Renal function was examined in adult rainbow trout (Oncorhynchus mykiss) after chronic exposure to a sublethal level of dietary Cd (500 mg/kg diet) for 52 d and during a subsequent challenge to waterborne Cd (10 microg/L) for 72 h. Dietary Cd had no major effects on UFR (urine flow rate) and GFR (glomerular filtration rate) but caused increased renal excretion of glucose, protein, and major ions (Mg(2+), Zn(2+), K(+), Na(+), Cl(-) but Ca(2+)). However, dietary Cd did not affect any plasma ions except Na(+) which was significantly elevated in the Cd-acclimated trout. Plasma glucose and ammonia levels fell by 25% and 36% respectively, but neither plasma nor urine urea was affected in Cd-acclimated fish. Dietary Cd exposure resulted in a remarkable increase of Cd load in the plasma (48-fold, approximately 22 ng/mL) and urine (60-fold, 8.9 ng/mL), but Cd excretion via the kidney was negligible on a mass-balance basis. Clearance ratio analysis indicates that all ions, Cd, and metabolites were reabsorbed strongly (58-100%) in both naïve and dietary Cd exposed fish, except ammonia which was secreted in both groups. Mg(2+), Na(+), Cl(-) and K(+) reabsorption decreased significantly (3-15%) in the Cd-exposed fish relative to the control. Following waterborne Cd challenge, GFR and UFR were affected transiently, and only Mg(2+) and protein excretion remained elevated with no recovery with time in Cd-acclimated trout. Urinary Ca(2+) and Zn(2+) excretion rates dropped with an indication of renal compensation towards plasma declines of both ions. Cadmium challenge did not cause any notable effects on urinary excretion rates of metabolites. However, a significant decrease in Mg(2+) reabsorption but an increase in total ammonia secretion was observed in the Cd-acclimated fish. The study suggests that dietary Cd acclimation involves physiological costs in terms of renal dysfunction and elevated urinary losses.

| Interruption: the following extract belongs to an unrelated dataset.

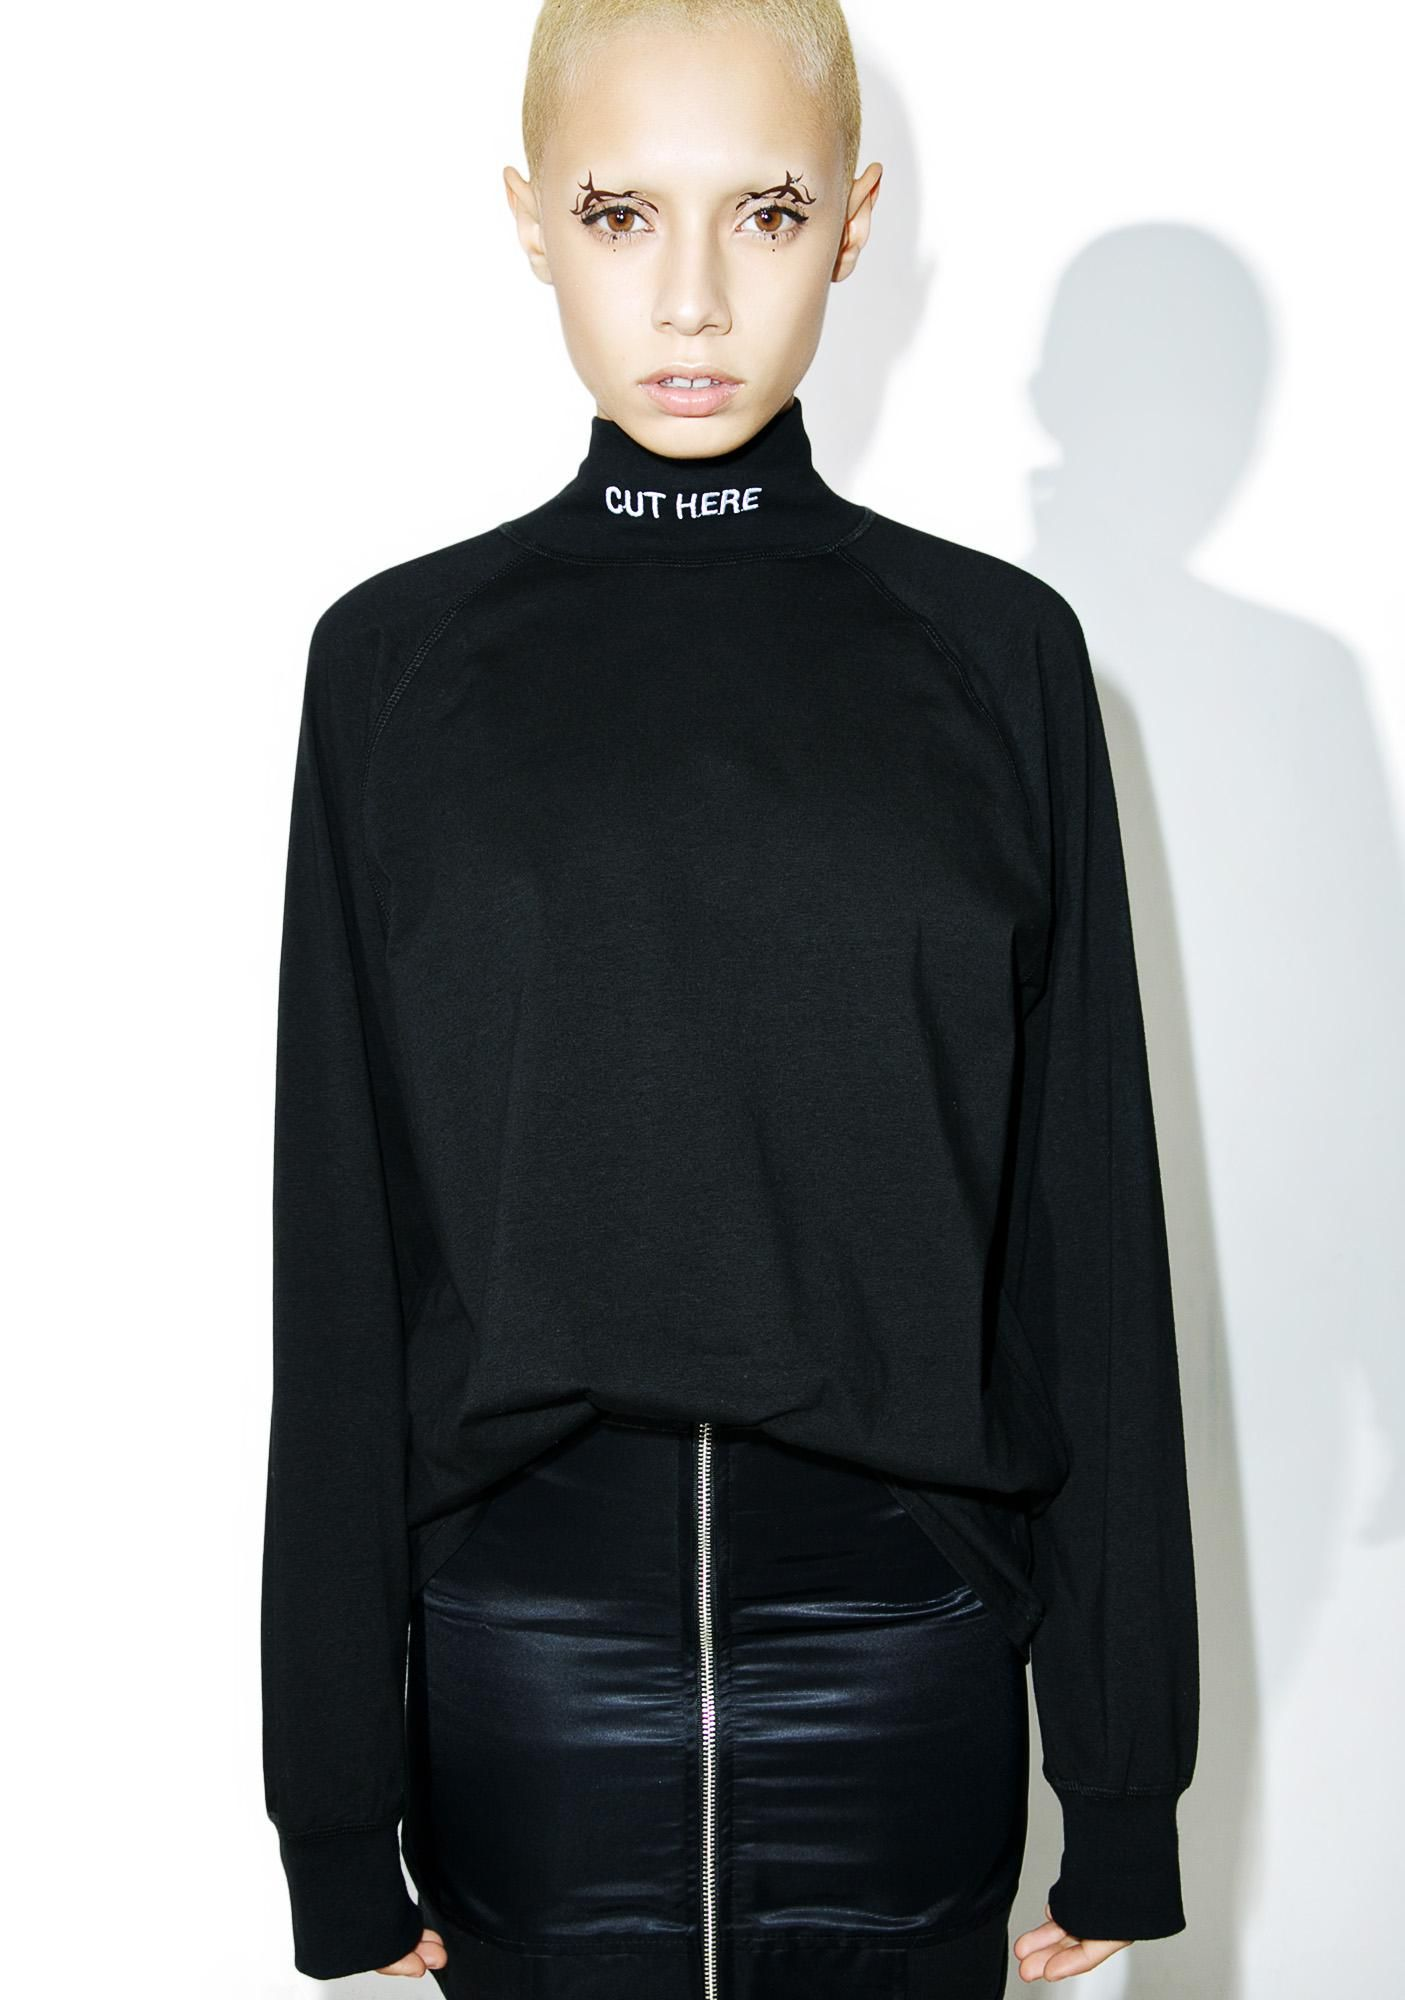 Leather jacket aesthetic - Cut Here Mock Turtleneck

Plasma clearance of cadmium and zinc in non-acclimated and metal-acclimated trout.

Adult rainbow trout were pre-exposed to a sublethal concentration of waterborne cadmium (Cd, 26.7 nmol/l) or waterborne zinc (Zn, 2294 nmol/l) for 30 days to induce acclimation. A single dose of radiolabeled Cd (64.4 nmol/kg) or Zn (183.8 nmol/kg) was injected into the vascular system of non-acclimated and Cd- or Zn-acclimated trout through indwelling arterial catheters. Subsequently, repetitive blood samples over 10 h and terminal tissue samples (liver, heart, bile, stomach, intestine, kidney, gills, muscle, and spleen) were taken to characterize the effect of metal acclimation on clearance kinetics in vivo. Plasma clearance of Cd in Cd-acclimated fish (0.726+/-0.015 and 0.477+/-0.012 ml/min per kg for total and newly accumulated Cd, respectively), was faster than that in non-acclimated trout (0.493+/-0.013 and 0.394+/-0.009 ml/min per kg). Unlike plasma Cd, the levels of Cd in red blood cells (RBCs) were 1.2-2.2 times higher in Cd-acclimated fish than in non-acclimated fish. At 10 h post-injection, the liver accumulated the highest proportion ( approximately 22%) of the injected Cd dose in both non-acclimated and Cd-acclimated fish but did not account for the difference in plasma levels of Cd between two groups. Plasma clearance of Zn ( approximately 0.23 ml/min per kg for new Zn) was substantially lower than Cd clearance. Pre-acclimation to waterborne Zn reduced the new Zn levels in RBCs, but did not affect the clearance of Zn from blood plasma or tissue burdens of Zn in fish. Bile concentrations of both Cd and Zn were elevated in acclimated fish, but total bile burden accounted for <1% of the injected metal dose. The results suggest that the detoxification process of injected plasma Cd is stimulated by pre-acclimation to waterborne Cd, and that Zn levels are homeostatically controlled in both non-acclimated and acclimated trout.